* _Task description_:
Would you retype the whole listing exactly, leaving its pictures out?

[Data]

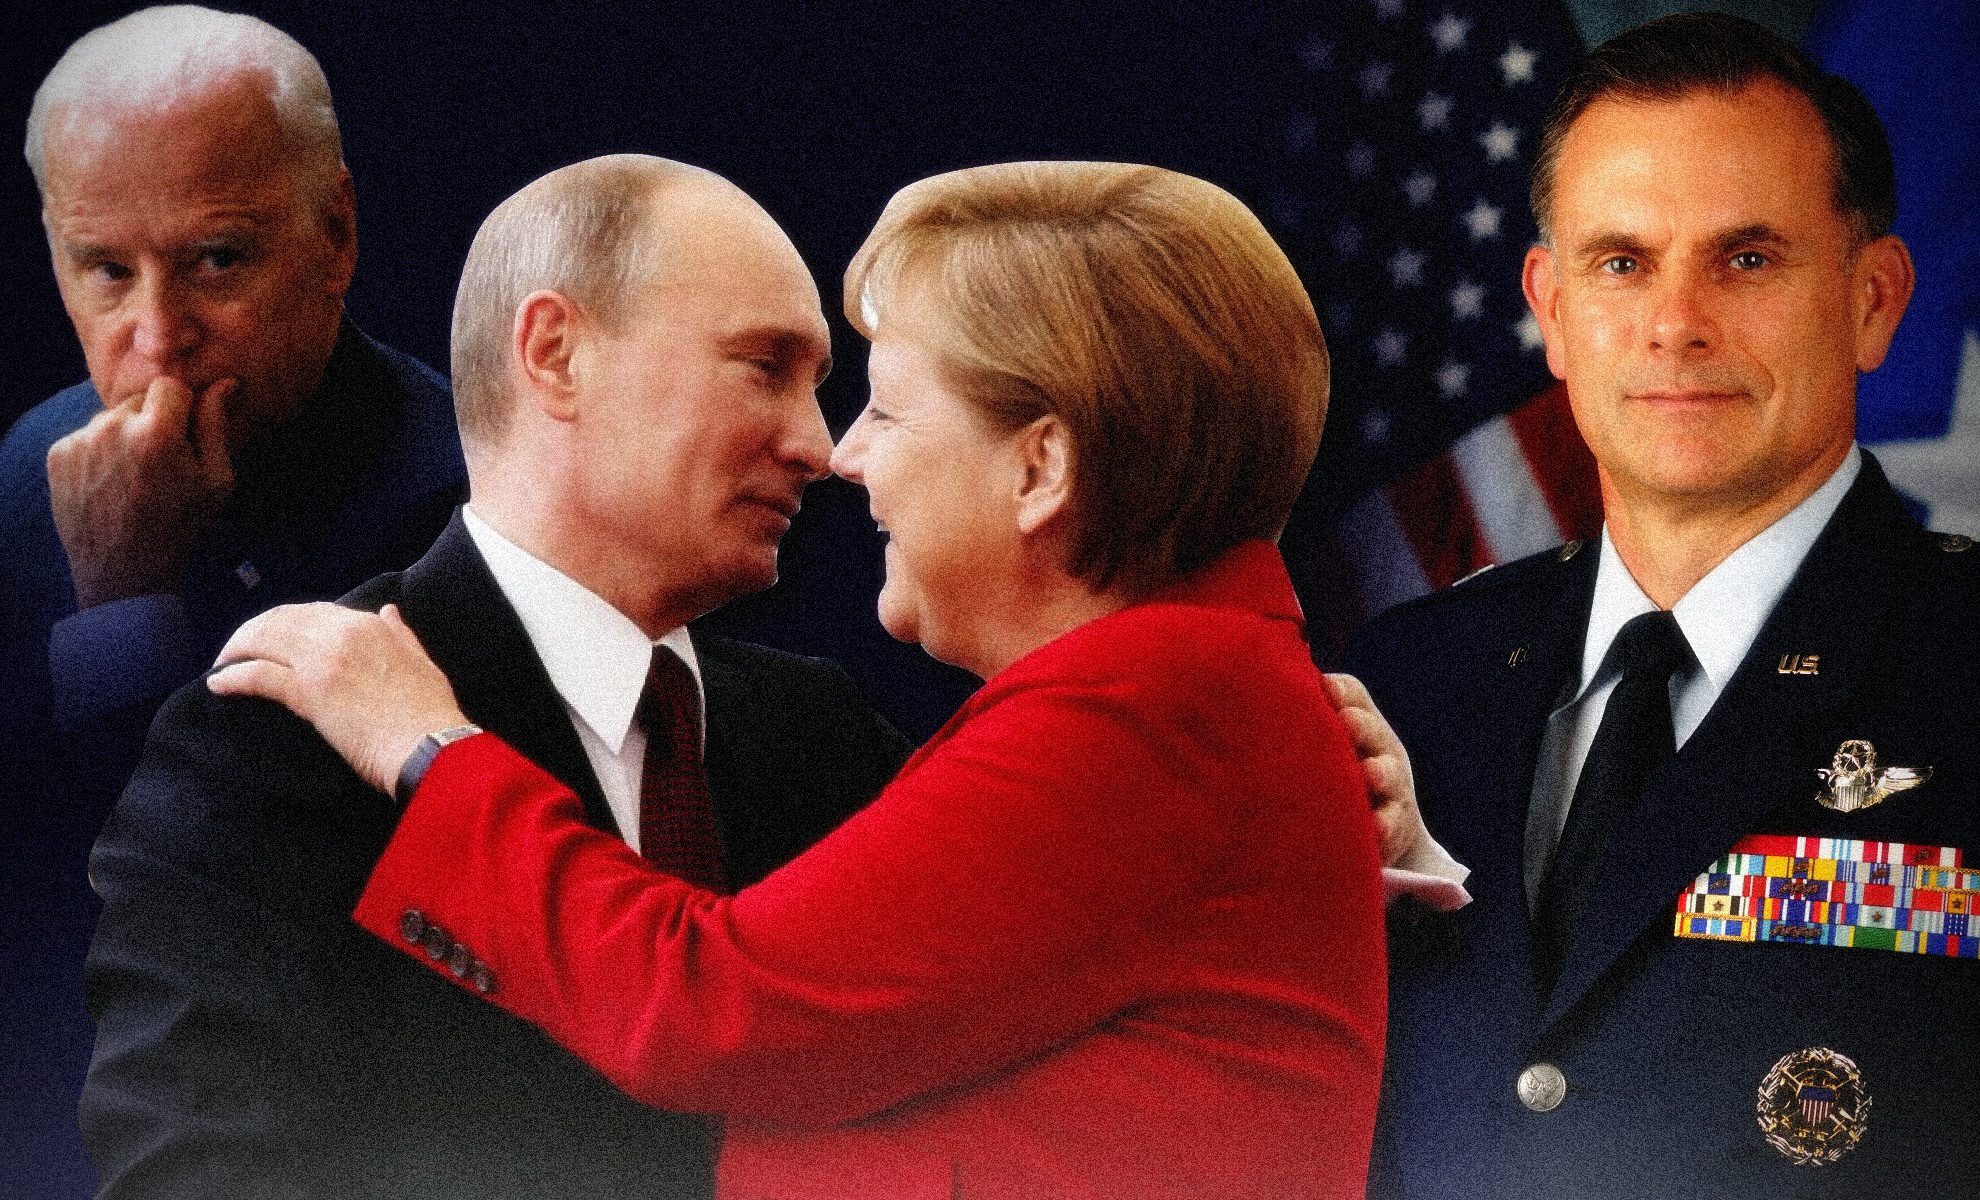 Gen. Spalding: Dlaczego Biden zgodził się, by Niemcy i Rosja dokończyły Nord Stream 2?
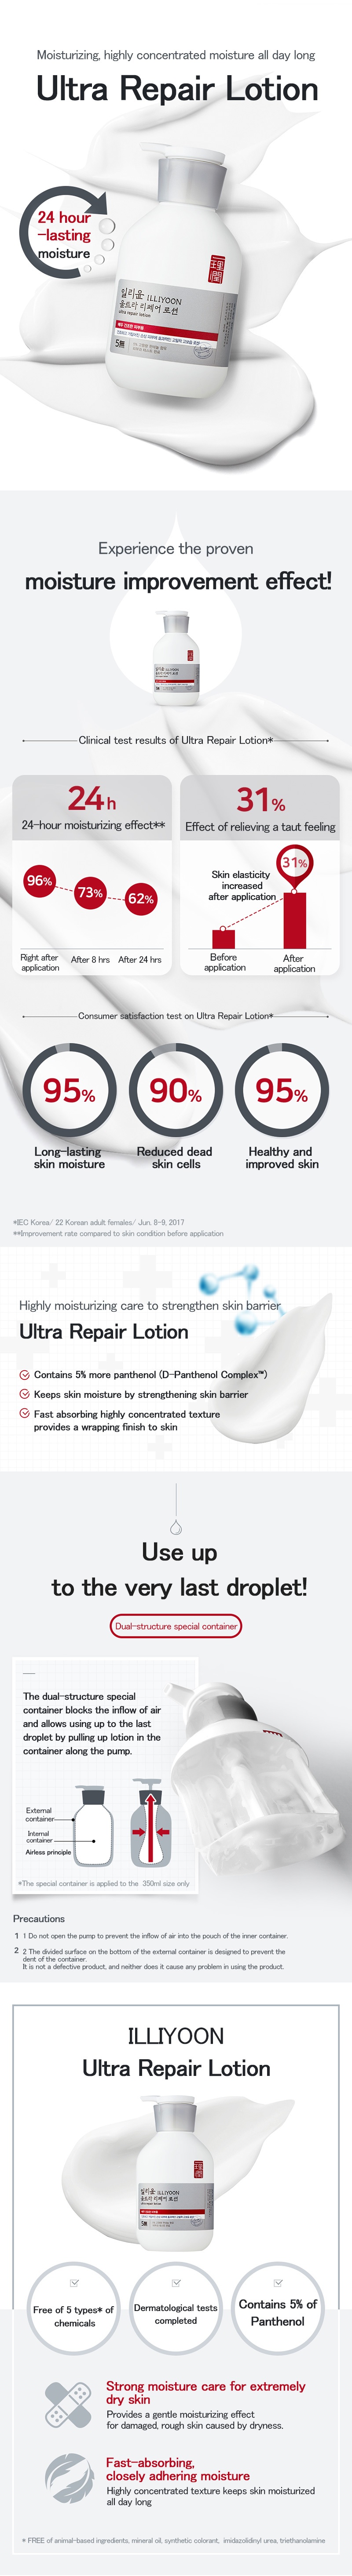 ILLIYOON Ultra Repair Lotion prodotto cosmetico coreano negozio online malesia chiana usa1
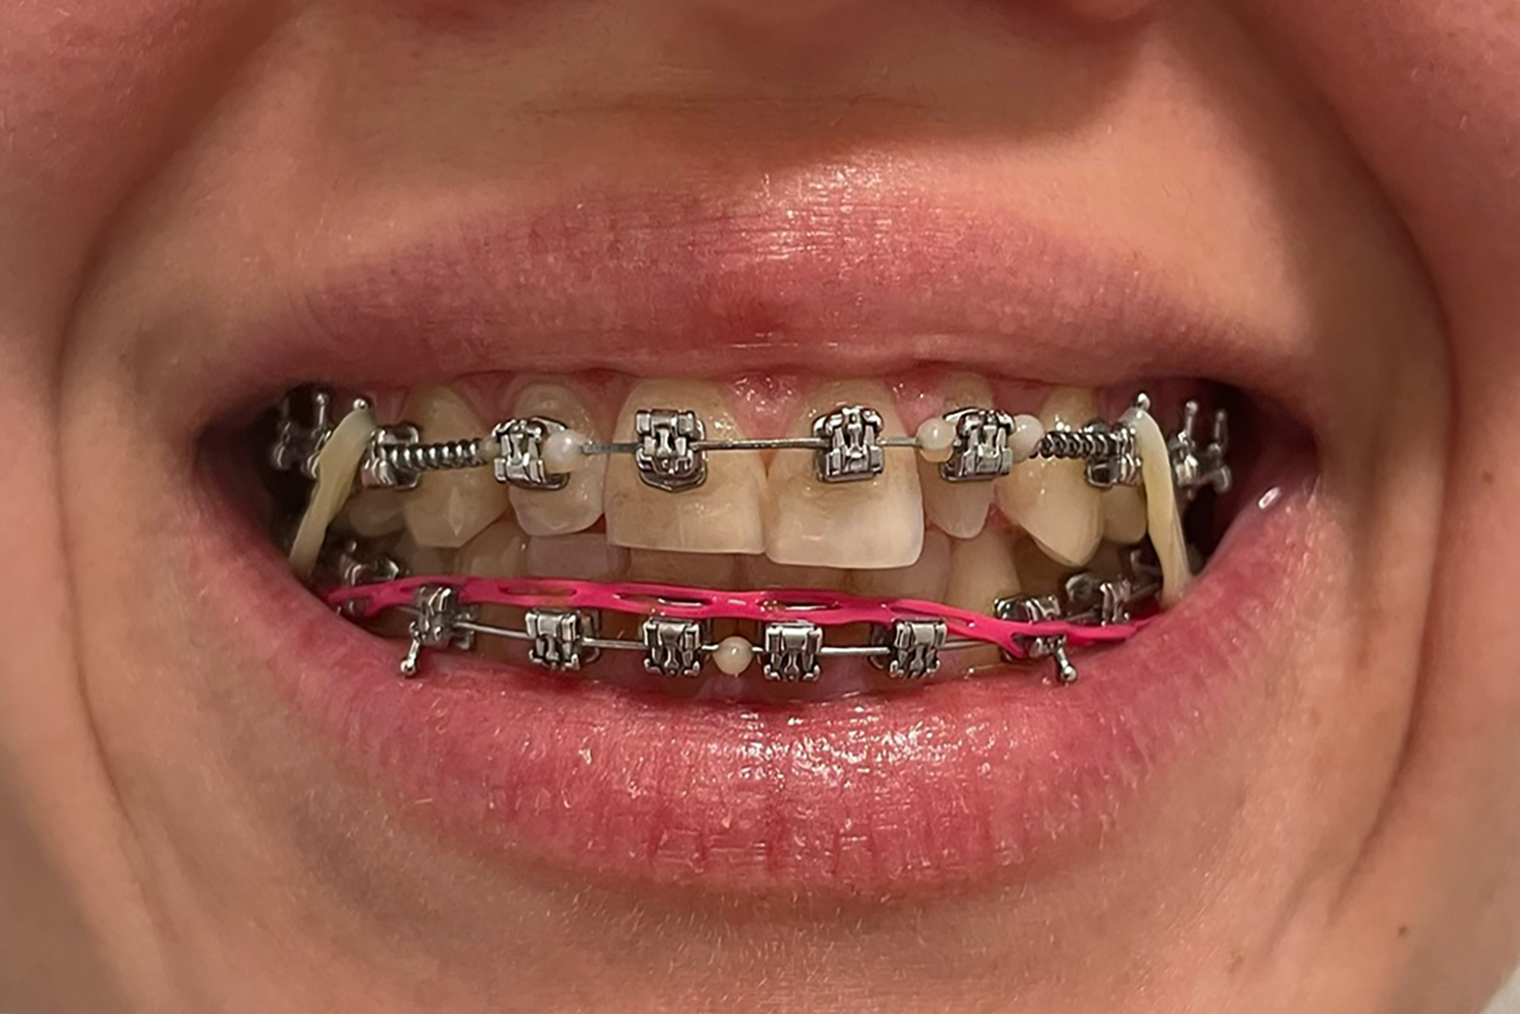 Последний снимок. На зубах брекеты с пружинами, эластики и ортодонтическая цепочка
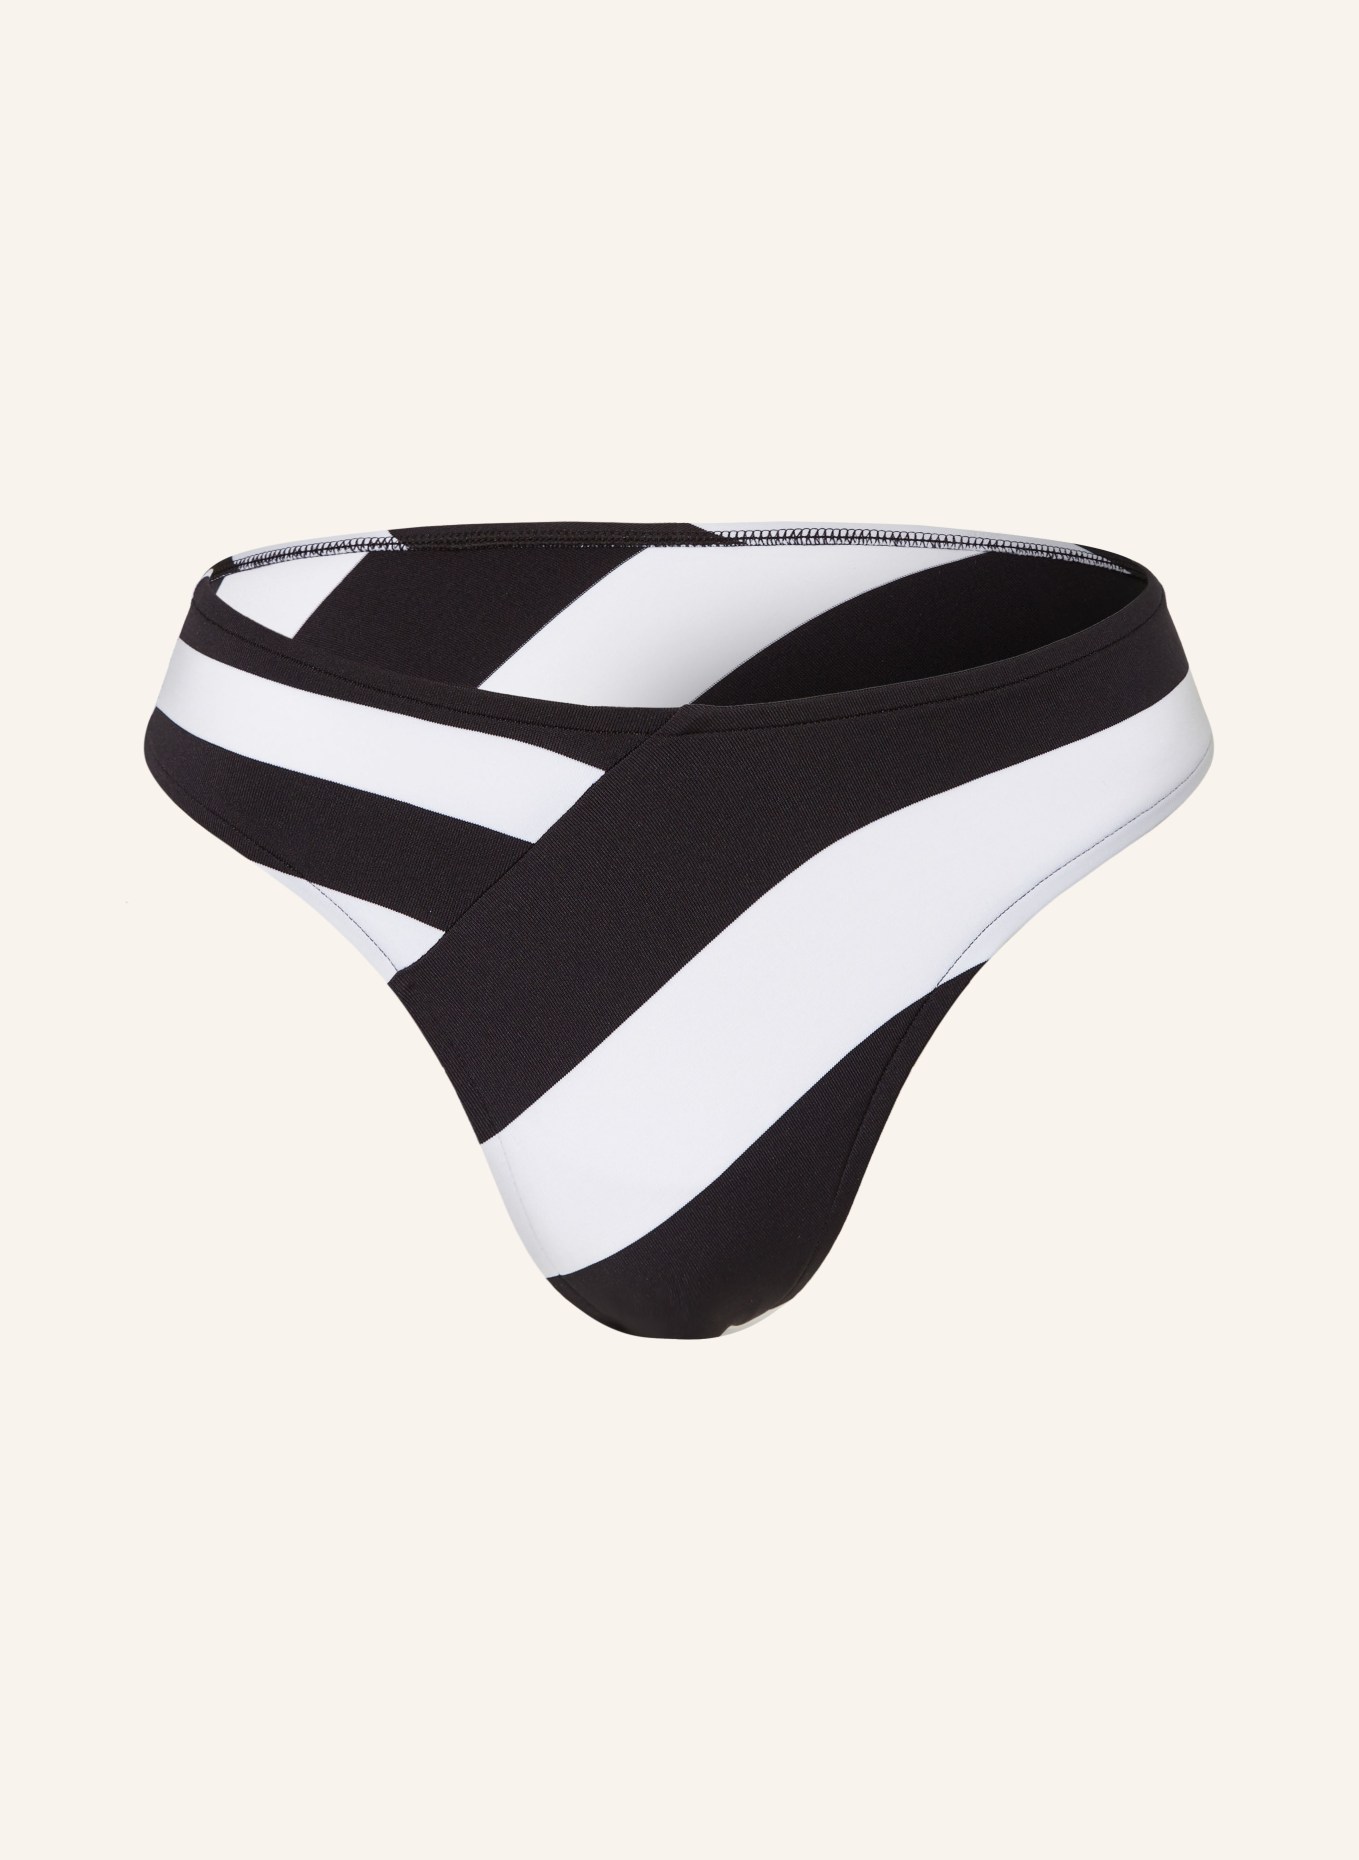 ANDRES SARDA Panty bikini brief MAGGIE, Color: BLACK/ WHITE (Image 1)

[/Data]

* _Exercise output_:
 Gen. Spalding: Dlaczego Biden zgodził się, by Niemcy i Rosja dokończyły Nord Stream 2?
 ILLIYOON Ultra Repair Lotion prodotto cosmetico coreano negozio online malesia chiana usa1
 Последний снимок. На зубах брекеты с пружинами, эластики и ортодонтическая цепочка
 ANDRES SARDA Panty bikini brief MAGGIE, Color: BLACK/ WHITE (Image 1)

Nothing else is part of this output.